Technical specifications
- Suspension (front): Push rod
- Suspension (rear): Push rod
- Engine: Ford-Cosworth EDC1, 2999cc, 75-degree V8, naturally-aspirated
- Transmission: Pacific 6-speed semi-automatic longitudinal
- Power: 630 hp @ 13,200 rpm
- Fuel: Elf
- Tyres: Goodyear

Competition history
- Notable entrants: Pacific Team Lotus
- Notable drivers: 16. Bertrand Gachot 16. Giovanni Lavaggi 16. Jean-Denis Delétraz 17. Andrea Montermini TD. Oliver Gavin
- Debut: 1995 Brazilian Grand Prix
- Last event: 1995 Australian Grand Prix
| Races | Wins | Poles | F/Laps |
| 17 | 0 | 0 | 0 |
- Constructors' Championships: 0
- Drivers' Championships: 0

= Pacific PR02 =

The Pacific PR02 was a Formula One car designed by Frank Coppuck for use by the Pacific team in the 1995 Formula One World Championship. The car was powered by a 3-litre Ford EDC V8 engine. The number 17 car was driven by Andrea Montermini, and the number 16 car was driven by team shareholder Bertrand Gachot, and later pay drivers Giovanni Lavaggi and Jean-Denis Delétraz, before Gachot returned. The team's test driver was Oliver Gavin. The team did not have a main sponsor.

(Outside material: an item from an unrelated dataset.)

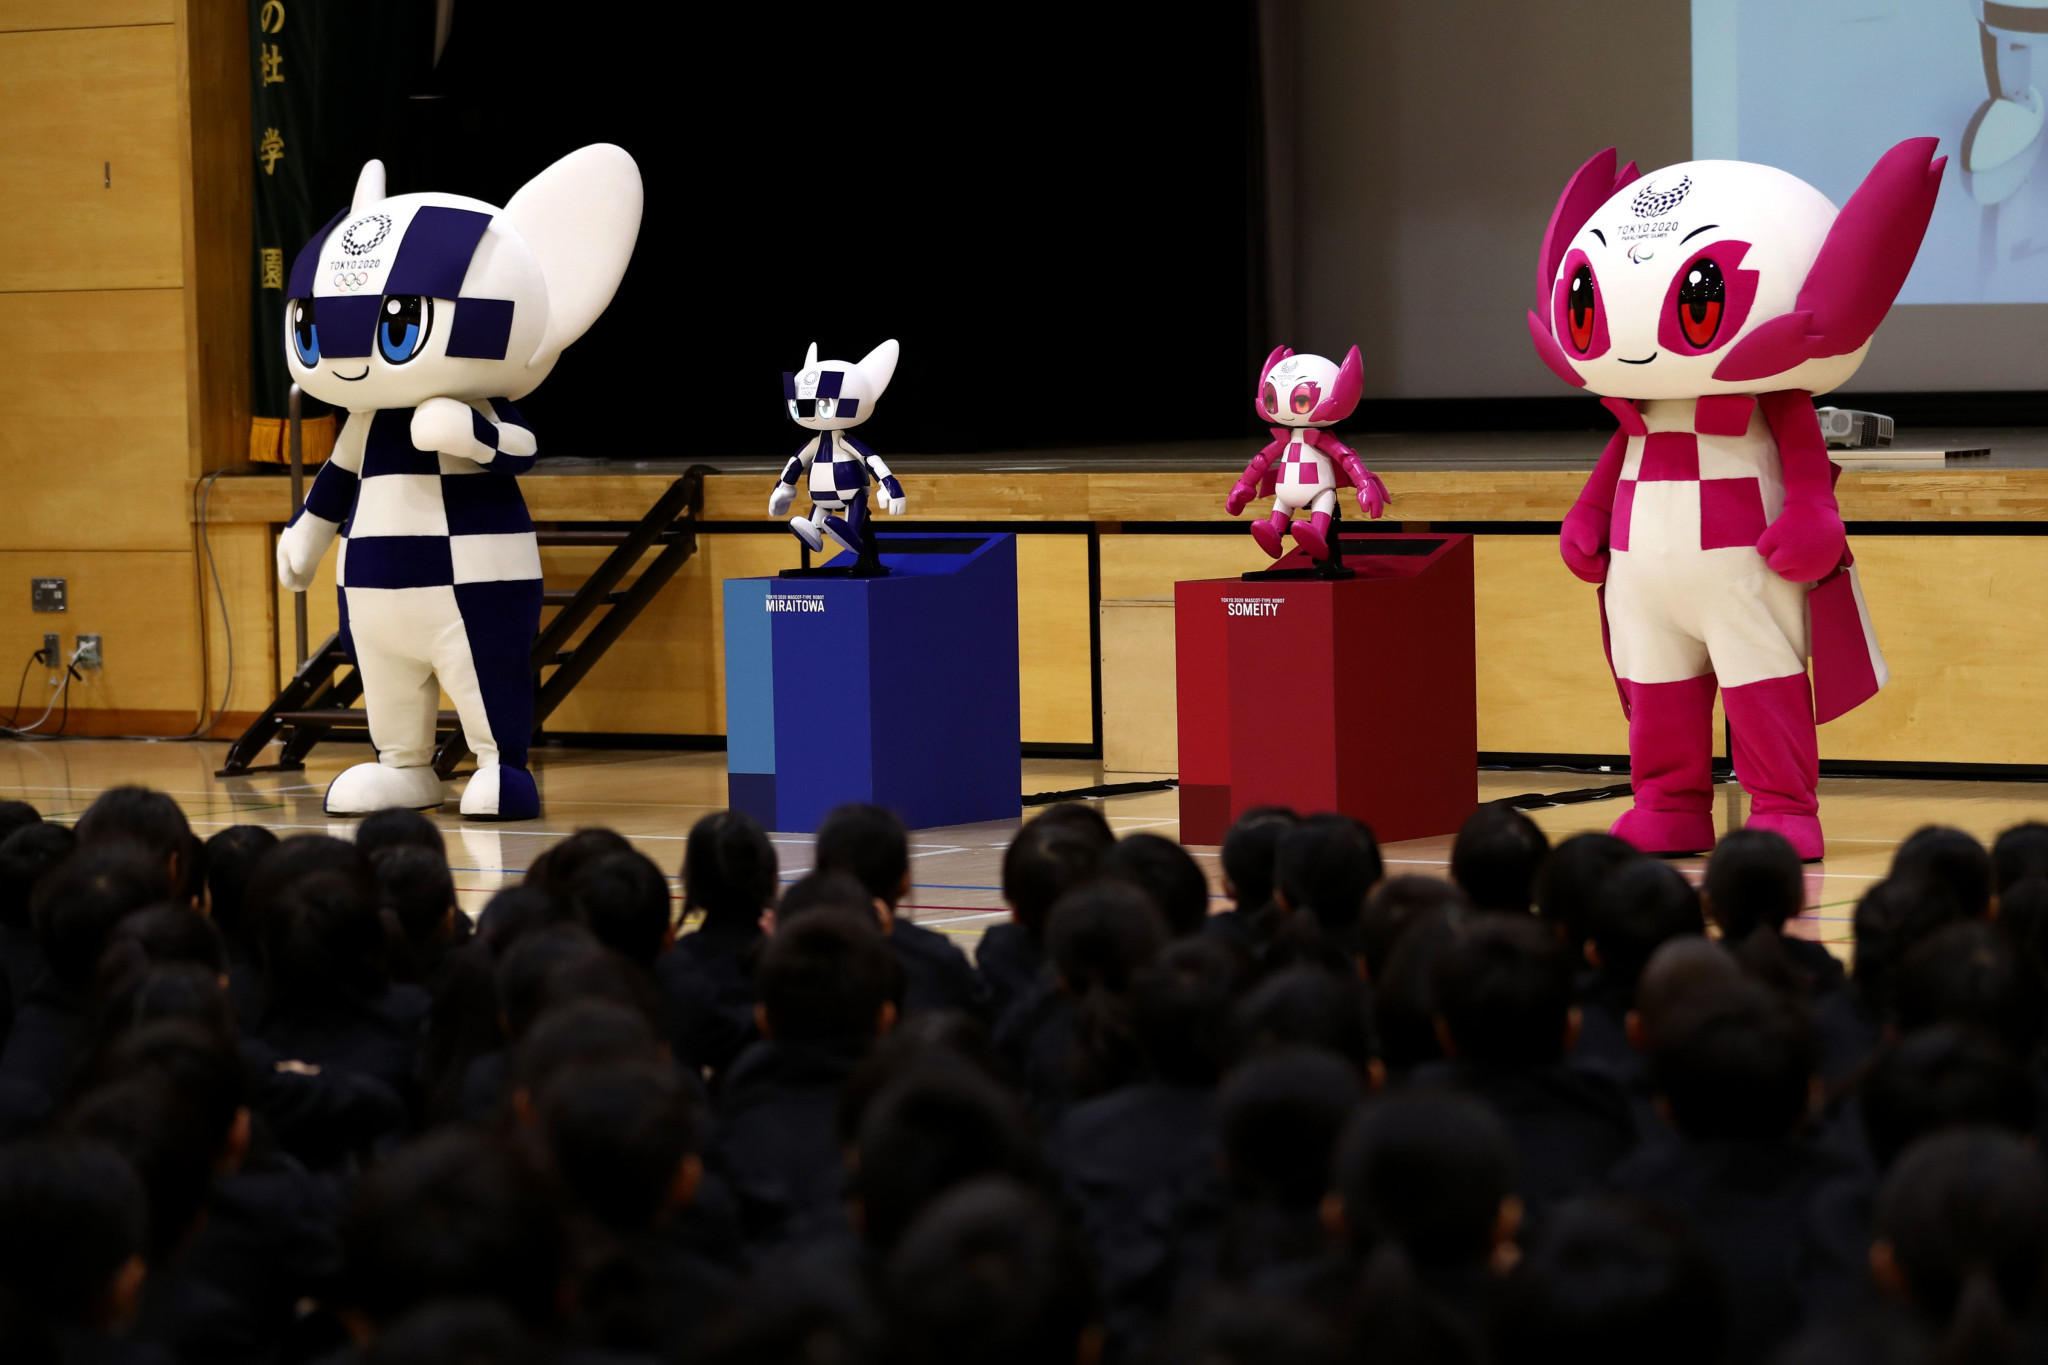 Tokyo 2020 demonstrate mascot robots with school pupils

While the car's performance was an improvement over its predecessor, the PR02 suffered from poor reliability, finishing seven times in thirty-four starts. Out of these seven times, it finished last on two occasions and was not classified on another two occasions.

The team finished last in the Constructors' Championship, with no points, and withdrew from Formula One at the end of 1995.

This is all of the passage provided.